TASK GOAL >> A word-for-word copy of the entries, with the images left out, is what you should write.

Items from a dataset

********

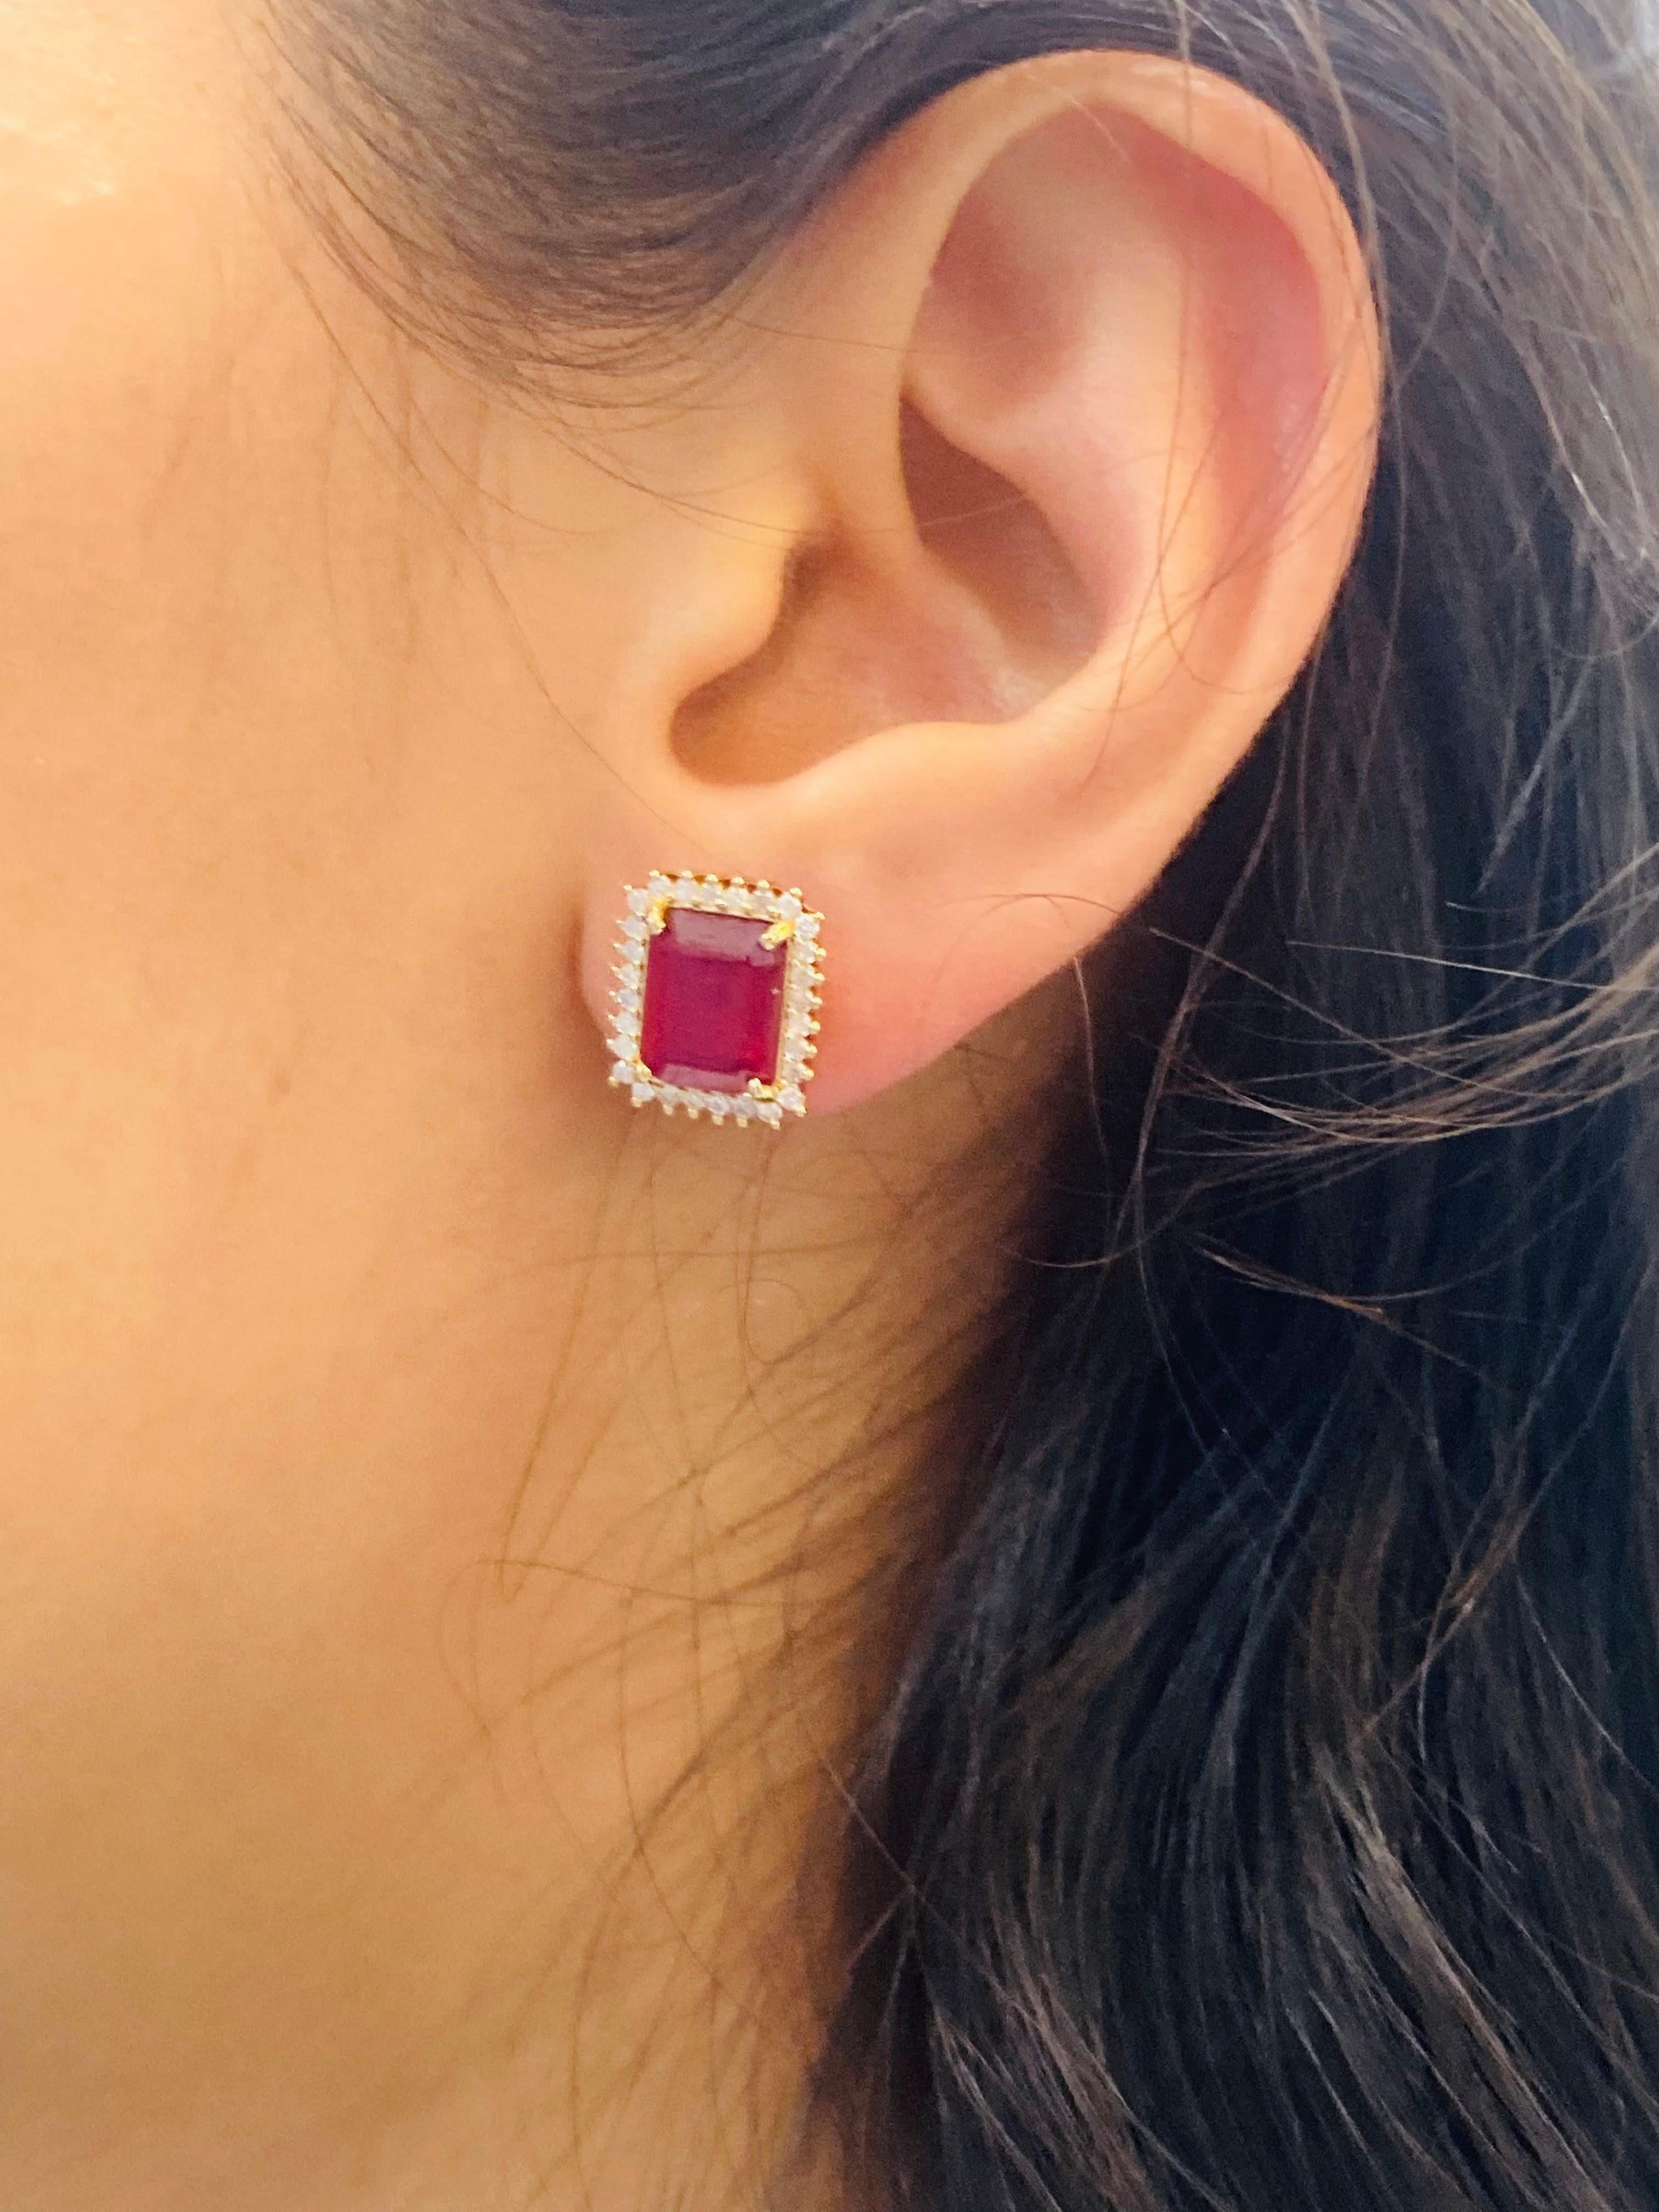 Bochic “Retro Vintage” Diamond & Ruby Retro Set, Earrings & Pendent In 18K Gold 
Natural Red Hot Rubies - 10.60
Diamonds 0.55 Carat 
F color 
VS clarity 
18K Yellow Gold
6.20 Gram

This Pendent and Earrings Set is from the

********

TASK ANSWER >>
 Bochic “Retro Vintage” Diamond & Ruby Retro Set, Earrings & Pendent In 18K Gold 
Natural Red Hot Rubies - 10.60
Diamonds 0.55 Carat 
F color 
VS clarity 
18K Yellow Gold
6.20 Gram

This Pendent and Earrings Set is from the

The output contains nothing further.